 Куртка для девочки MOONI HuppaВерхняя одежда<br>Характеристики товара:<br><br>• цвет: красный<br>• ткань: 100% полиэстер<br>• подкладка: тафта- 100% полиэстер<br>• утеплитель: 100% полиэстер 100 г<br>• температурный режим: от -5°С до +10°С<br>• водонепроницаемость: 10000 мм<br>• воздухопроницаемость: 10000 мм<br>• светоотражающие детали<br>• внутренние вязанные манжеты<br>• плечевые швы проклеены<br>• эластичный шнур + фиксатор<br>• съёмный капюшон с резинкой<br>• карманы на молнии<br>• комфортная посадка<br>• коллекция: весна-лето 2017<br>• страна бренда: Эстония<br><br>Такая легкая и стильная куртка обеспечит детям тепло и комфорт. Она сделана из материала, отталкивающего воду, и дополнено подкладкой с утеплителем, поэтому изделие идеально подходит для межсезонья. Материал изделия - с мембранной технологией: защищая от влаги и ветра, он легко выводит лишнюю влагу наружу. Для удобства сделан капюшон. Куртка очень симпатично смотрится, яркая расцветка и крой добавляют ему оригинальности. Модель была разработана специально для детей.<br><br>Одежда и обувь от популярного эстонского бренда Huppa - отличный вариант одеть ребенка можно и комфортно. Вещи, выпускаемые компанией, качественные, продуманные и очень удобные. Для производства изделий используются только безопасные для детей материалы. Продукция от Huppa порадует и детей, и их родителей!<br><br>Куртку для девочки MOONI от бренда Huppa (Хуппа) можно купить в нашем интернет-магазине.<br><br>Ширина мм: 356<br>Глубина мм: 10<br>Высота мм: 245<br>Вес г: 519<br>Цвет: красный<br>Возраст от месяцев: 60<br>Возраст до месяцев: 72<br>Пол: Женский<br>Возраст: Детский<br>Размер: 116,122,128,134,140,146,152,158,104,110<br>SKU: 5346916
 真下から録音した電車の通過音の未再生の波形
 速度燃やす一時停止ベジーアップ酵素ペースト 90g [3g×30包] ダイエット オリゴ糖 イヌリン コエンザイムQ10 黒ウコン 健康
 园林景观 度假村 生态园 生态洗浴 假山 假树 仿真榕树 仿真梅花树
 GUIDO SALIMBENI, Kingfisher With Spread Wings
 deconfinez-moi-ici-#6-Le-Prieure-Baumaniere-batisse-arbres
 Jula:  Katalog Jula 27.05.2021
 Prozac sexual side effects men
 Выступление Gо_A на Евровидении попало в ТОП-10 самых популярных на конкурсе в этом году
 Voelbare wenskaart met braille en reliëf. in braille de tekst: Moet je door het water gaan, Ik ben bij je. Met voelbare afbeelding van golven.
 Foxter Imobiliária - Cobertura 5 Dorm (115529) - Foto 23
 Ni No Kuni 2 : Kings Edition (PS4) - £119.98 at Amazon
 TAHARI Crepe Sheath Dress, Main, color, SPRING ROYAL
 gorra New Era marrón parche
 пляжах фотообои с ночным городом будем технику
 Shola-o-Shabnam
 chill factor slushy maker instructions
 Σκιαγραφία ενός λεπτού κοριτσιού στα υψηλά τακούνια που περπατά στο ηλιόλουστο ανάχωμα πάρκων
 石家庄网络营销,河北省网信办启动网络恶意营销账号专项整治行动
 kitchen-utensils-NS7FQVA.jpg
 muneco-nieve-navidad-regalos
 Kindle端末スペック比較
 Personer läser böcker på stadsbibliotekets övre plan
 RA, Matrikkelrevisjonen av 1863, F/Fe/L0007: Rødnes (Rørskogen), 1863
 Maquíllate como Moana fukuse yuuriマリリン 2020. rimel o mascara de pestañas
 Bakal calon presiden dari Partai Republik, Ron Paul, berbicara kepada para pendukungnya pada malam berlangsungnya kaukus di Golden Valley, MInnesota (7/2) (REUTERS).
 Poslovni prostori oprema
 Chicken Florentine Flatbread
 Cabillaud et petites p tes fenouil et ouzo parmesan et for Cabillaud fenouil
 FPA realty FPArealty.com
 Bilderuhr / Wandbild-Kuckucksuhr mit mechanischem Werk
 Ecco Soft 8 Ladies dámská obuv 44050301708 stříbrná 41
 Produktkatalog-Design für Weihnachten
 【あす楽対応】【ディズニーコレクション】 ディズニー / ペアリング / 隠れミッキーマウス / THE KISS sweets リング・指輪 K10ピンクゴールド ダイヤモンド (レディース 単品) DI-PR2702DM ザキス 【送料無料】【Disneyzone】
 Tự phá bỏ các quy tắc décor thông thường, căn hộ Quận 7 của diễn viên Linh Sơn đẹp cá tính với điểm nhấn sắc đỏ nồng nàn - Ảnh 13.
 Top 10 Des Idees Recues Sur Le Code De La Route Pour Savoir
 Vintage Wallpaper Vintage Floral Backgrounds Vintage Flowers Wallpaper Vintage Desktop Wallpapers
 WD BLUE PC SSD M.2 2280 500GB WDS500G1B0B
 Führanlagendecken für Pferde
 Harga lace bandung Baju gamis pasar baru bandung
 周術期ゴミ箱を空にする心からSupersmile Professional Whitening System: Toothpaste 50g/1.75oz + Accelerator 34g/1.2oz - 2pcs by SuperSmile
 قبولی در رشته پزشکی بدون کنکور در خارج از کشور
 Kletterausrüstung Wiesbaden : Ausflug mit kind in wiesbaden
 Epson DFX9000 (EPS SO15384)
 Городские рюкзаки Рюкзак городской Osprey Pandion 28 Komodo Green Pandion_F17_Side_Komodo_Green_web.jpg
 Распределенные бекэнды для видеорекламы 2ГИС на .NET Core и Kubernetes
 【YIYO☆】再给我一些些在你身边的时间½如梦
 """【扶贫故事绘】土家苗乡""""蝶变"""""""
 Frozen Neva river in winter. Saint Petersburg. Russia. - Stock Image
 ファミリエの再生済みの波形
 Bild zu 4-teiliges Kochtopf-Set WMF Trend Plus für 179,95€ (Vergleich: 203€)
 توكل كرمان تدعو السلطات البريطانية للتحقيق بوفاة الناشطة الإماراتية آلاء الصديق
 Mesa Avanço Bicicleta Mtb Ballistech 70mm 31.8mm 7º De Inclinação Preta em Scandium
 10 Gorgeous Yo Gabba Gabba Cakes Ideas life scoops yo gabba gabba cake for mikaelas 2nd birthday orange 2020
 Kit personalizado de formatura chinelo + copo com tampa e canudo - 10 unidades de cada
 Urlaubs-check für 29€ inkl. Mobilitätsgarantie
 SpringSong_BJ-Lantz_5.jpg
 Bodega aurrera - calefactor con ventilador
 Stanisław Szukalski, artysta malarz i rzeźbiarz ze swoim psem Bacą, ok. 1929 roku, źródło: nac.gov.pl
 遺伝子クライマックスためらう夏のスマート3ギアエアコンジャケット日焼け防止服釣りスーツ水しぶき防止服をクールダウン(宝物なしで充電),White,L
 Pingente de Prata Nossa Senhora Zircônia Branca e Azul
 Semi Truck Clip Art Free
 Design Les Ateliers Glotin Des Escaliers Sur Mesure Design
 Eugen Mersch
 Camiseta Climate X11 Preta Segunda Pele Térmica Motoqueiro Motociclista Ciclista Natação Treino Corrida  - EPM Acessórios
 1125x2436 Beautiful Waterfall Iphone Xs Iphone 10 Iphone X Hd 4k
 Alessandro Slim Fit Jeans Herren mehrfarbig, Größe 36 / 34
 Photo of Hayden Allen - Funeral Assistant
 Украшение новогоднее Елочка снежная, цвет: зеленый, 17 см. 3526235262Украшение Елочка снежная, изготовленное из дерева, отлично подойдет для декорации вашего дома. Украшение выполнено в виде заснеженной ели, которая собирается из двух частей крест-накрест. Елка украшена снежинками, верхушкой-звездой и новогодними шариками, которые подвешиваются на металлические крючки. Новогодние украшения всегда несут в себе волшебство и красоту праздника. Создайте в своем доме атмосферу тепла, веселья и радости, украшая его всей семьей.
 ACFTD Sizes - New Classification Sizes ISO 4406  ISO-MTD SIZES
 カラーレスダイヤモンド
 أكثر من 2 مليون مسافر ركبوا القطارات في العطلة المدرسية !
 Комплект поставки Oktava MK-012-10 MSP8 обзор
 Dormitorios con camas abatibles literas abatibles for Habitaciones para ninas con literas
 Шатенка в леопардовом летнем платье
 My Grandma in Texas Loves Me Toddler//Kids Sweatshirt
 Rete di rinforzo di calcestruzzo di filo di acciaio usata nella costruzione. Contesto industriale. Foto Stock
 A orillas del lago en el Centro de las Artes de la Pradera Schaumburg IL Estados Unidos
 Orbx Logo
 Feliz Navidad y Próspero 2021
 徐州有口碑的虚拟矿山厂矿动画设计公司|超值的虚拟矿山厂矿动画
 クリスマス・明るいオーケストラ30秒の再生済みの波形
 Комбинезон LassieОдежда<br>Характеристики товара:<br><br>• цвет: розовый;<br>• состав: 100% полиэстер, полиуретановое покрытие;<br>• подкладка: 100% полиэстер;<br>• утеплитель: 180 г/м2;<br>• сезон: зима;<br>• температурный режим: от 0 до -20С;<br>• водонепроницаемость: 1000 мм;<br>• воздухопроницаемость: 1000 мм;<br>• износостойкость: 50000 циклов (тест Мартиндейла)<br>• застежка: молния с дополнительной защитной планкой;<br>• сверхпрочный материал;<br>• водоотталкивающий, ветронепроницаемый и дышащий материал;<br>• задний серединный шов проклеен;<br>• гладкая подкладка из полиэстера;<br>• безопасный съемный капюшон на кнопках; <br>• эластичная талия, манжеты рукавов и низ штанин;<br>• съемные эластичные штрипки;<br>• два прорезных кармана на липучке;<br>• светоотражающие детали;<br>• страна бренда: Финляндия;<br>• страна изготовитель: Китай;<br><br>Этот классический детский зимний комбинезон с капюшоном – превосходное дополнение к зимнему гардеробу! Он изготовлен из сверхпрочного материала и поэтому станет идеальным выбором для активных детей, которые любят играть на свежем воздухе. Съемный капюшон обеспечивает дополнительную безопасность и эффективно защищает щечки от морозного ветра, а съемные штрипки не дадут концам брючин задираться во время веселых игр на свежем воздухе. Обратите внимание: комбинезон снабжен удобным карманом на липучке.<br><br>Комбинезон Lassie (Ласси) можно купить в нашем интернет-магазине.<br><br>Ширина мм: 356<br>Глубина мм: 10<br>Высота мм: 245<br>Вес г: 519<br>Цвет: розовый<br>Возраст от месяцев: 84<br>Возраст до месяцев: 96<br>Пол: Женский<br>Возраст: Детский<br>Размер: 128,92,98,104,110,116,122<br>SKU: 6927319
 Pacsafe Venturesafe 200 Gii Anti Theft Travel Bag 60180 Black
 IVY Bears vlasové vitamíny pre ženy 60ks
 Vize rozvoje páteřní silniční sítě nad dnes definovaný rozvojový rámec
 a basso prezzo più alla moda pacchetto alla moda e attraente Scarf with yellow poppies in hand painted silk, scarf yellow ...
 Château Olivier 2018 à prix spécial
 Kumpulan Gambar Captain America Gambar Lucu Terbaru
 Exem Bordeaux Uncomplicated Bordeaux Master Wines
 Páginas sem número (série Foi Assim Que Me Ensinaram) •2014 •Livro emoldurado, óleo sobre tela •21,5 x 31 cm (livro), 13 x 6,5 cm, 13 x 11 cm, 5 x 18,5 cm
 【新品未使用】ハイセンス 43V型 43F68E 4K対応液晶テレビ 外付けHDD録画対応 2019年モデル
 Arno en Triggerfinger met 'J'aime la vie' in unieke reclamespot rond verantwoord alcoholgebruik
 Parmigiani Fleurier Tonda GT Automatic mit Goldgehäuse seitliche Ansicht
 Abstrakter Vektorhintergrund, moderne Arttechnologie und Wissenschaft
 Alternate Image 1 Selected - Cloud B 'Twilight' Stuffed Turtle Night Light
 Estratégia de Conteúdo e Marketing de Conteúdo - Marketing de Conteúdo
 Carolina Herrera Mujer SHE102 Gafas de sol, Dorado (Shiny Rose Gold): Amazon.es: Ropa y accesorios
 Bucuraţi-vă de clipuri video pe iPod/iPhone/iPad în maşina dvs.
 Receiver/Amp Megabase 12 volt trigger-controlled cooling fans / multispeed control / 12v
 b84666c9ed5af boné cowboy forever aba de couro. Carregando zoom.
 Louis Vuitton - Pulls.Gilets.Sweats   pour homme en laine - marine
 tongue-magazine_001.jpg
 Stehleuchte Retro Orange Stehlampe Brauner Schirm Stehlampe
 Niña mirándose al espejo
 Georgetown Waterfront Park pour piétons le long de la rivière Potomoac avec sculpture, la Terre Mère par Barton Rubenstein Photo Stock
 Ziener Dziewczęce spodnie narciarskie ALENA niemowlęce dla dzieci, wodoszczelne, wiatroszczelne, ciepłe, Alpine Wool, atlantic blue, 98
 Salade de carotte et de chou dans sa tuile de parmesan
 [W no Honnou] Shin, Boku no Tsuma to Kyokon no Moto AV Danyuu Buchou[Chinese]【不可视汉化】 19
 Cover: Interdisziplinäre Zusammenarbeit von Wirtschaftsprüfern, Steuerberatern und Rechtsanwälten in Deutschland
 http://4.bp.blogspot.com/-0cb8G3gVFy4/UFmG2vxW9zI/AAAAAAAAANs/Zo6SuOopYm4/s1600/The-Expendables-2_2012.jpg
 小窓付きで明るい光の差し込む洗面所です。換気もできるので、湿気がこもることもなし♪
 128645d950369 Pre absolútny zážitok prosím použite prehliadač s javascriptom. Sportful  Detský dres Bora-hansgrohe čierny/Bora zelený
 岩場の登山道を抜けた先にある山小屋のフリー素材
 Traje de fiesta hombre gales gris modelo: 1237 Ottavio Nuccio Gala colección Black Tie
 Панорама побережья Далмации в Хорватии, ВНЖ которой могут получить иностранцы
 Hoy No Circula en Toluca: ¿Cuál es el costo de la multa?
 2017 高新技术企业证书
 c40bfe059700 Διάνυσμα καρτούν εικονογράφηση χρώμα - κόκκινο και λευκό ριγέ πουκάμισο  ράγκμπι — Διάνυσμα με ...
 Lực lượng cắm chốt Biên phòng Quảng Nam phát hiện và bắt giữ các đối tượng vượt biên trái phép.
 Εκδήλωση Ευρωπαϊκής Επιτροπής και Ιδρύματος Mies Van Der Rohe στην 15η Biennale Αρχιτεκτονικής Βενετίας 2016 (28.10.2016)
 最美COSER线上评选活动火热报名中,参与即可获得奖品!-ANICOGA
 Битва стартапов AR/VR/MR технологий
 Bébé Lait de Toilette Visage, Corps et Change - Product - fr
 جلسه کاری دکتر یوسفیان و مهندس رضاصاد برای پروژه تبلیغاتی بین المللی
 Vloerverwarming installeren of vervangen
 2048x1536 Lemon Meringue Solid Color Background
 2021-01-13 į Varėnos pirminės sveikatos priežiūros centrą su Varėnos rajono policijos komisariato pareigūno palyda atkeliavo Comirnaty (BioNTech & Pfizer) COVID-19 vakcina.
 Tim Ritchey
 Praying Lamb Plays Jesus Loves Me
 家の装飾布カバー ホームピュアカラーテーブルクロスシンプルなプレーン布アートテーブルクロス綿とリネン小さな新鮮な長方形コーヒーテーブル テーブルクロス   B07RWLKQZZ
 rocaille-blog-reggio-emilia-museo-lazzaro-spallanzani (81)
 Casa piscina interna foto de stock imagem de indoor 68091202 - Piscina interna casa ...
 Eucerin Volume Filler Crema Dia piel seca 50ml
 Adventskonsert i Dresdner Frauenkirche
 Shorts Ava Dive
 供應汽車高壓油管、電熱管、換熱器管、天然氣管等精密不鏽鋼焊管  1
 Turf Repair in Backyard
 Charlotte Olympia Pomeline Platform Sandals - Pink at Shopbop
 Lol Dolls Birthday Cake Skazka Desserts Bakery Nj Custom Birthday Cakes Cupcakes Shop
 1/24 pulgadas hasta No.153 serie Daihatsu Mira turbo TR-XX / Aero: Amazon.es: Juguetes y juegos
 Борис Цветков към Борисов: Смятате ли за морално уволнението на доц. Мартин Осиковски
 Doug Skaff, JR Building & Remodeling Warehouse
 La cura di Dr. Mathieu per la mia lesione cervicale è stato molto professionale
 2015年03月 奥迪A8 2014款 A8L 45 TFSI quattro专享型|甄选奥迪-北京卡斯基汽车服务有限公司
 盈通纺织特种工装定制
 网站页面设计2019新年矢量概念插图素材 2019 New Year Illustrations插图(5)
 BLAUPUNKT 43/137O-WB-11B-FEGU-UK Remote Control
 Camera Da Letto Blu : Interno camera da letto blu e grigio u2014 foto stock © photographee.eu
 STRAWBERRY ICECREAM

★ ★ ★

*Task*
All lines above from the line with "Городские рюкзаки Рюкзак" through the line with "遺伝子クライマックスためらう", both included, are to be set down exactly, with nothing else.

*Response to the exercise*
 Городские рюкзаки Рюкзак городской Osprey Pandion 28 Komodo Green Pandion_F17_Side_Komodo_Green_web.jpg
 Распределенные бекэнды для видеорекламы 2ГИС на .NET Core и Kubernetes
 【YIYO☆】再给我一些些在你身边的时间½如梦
 """【扶贫故事绘】土家苗乡""""蝶变"""""""
 Frozen Neva river in winter. Saint Petersburg. Russia. - Stock Image
 ファミリエの再生済みの波形
 Bild zu 4-teiliges Kochtopf-Set WMF Trend Plus für 179,95€ (Vergleich: 203€)
 توكل كرمان تدعو السلطات البريطانية للتحقيق بوفاة الناشطة الإماراتية آلاء الصديق
 Mesa Avanço Bicicleta Mtb Ballistech 70mm 31.8mm 7º De Inclinação Preta em Scandium
 10 Gorgeous Yo Gabba Gabba Cakes Ideas life scoops yo gabba gabba cake for mikaelas 2nd birthday orange 2020
 Kit personalizado de formatura chinelo + copo com tampa e canudo - 10 unidades de cada
 Urlaubs-check für 29€ inkl. Mobilitätsgarantie
 SpringSong_BJ-Lantz_5.jpg
 Bodega aurrera - calefactor con ventilador
 Stanisław Szukalski, artysta malarz i rzeźbiarz ze swoim psem Bacą, ok. 1929 roku, źródło: nac.gov.pl
 遺伝子クライマックスためらう夏のスマート3ギアエアコンジャケット日焼け防止服釣りスーツ水しぶき防止服をクールダウン(宝物なしで充電),White,L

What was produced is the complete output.